Community replies also converged on the same tradeoff from different angles. kimmonismus's reply said the cost advantage only exists when the panel leans on cheaper specialists, while mbusigin's critique argued the critic model has to be very strong, which pushes cost back up.
Control knobs
The docs expose more tunability than the launch thread made obvious.
analysis_models: choose 1 to 8 participant models.model: set the judge separately from the panel.max_tool_calls: cap each panel model and the judge between 1 and 16 tool steps.max_completion_tokens,reasoning,temperature: forward inner-call settings to panel and judge runs.tool_choice: "required": force Fusion on every request instead of letting the outer model decide.
Two implementation details stand out in the server-tool docs. Fusion blocks recursive self-invocation with an x-openrouter-fusion-depth header, and partial failures are first-class: some panel models can error while the tool still returns status: "ok" plus surviving responses.
That makes Fusion look less like a novelty router and more like a reusable orchestration primitive. The same docs explicitly position it for research, compare-and-contrast prompts, and expensive-to-be-wrong questions, not for every call.
Mixture of agents
The broader idea was already circulating under other names. Teknium, the creator behind Hermes Agent, said Hermes had previously tried Mixture of Agents as a tool and that models were bad at choosing when to use it, then linked an active Hermes /moa pull request that brings it back as a slash-command preset.

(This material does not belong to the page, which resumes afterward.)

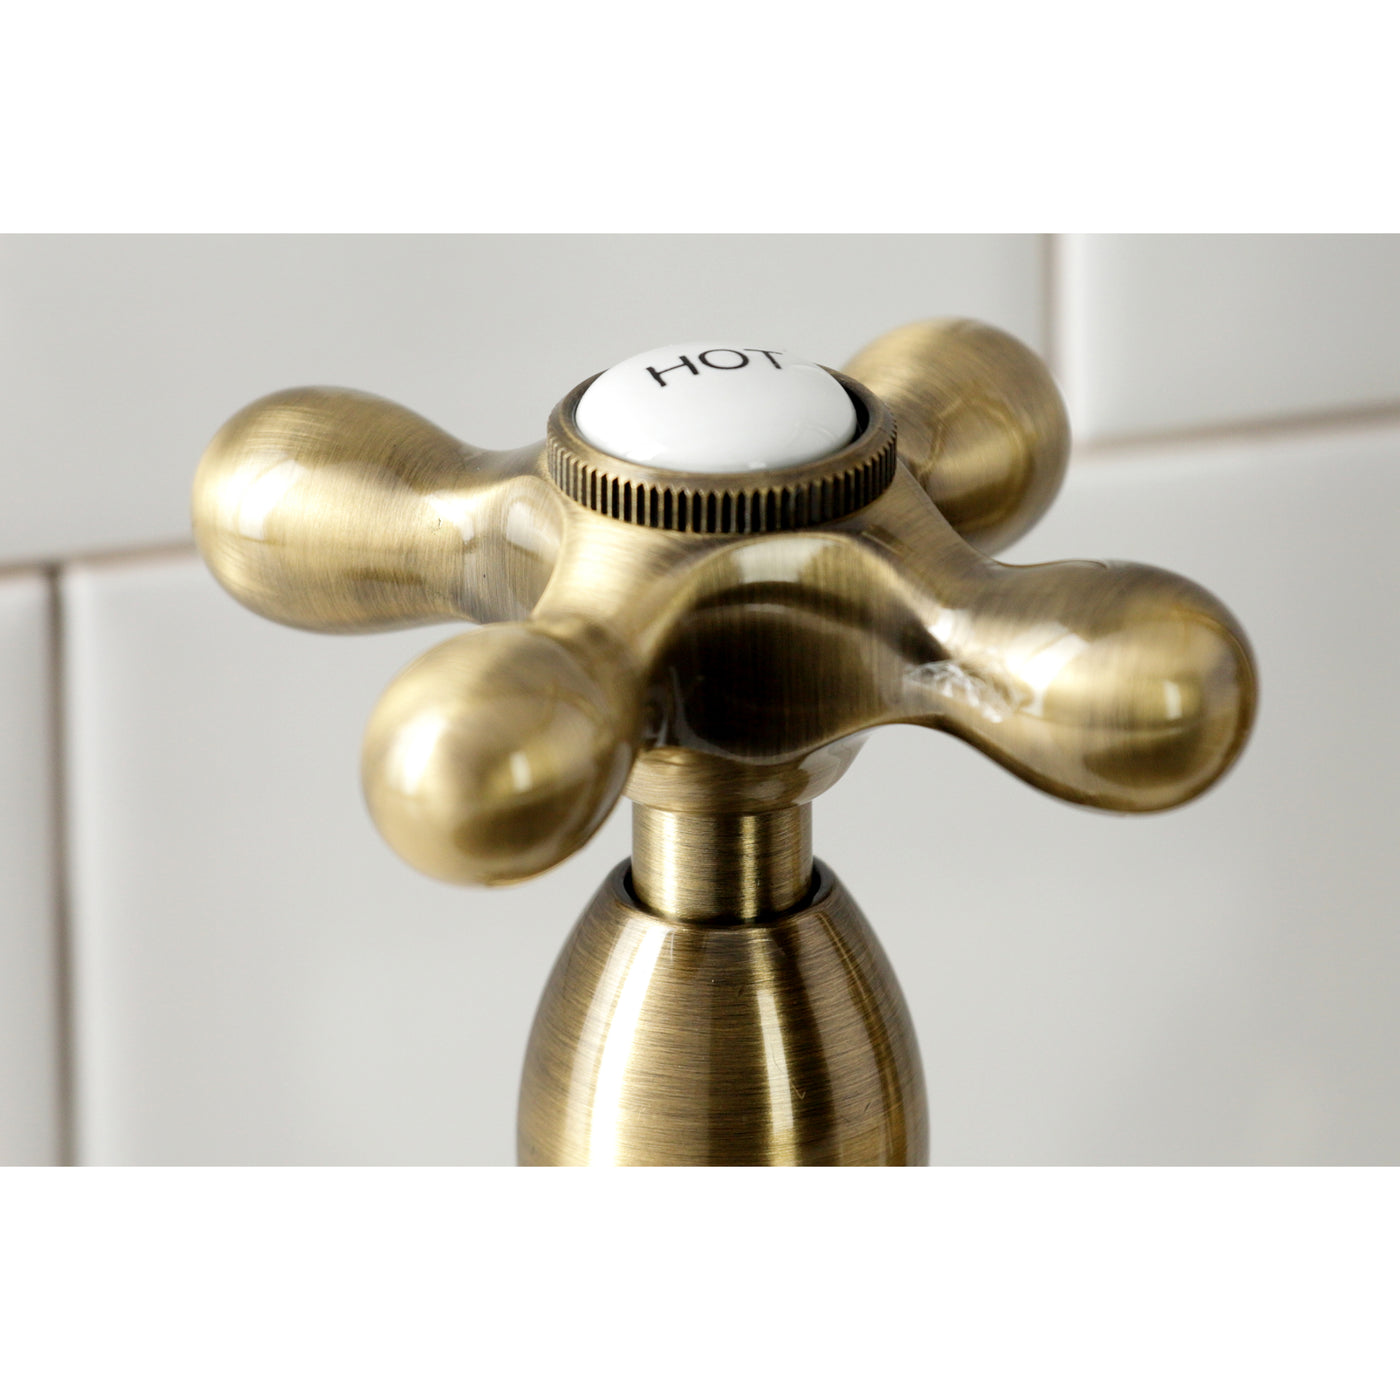 Elements of Design ES1273AXBS Bridge Kitchen Faucet with Brass Sprayer, Antique Brass

That PR shows a parallel design instinct. According to the GitHub pull request, /moa runs reference models and an aggregator before each main-model iteration, injects private guidance into the normal loop, and works across CLI, dashboard, desktop, and /goal flows.
Jerry Liu, founder of LlamaIndex, gave the sharper market read in Jerry Liu's post: the interesting claim is not just that ensembles can beat one model, but that third parties may be able to build better cost-accuracy curves from mixtures that frontier labs do not directly sell as a single product.
Launch FAQ
The 6/14 FAQ update added three concrete details that were mostly absent from early reaction posts.
- Fusion is often 2 to 3 times slower when it is actually invoked, because it waits on multiple model runs and then processes the synthesis step.
- OpenRouter says Fusion is not a drop-in coding replacement. Its suggested use is to let a coding model call Fusion selectively for architecture or best-practice research questions.
- The benchmark kept tools constant across solo and panel runs:
openrouter:web_search,openrouter:web_fetch, andopenrouter:bashwere available everywhere.
Those details make the launch easier to read. Fusion is a higher-cost, higher-latency orchestration layer with stronger knobs than the teaser posts suggested, and the company is still sorting out what that means across chat, API, and agent-tool surfaces.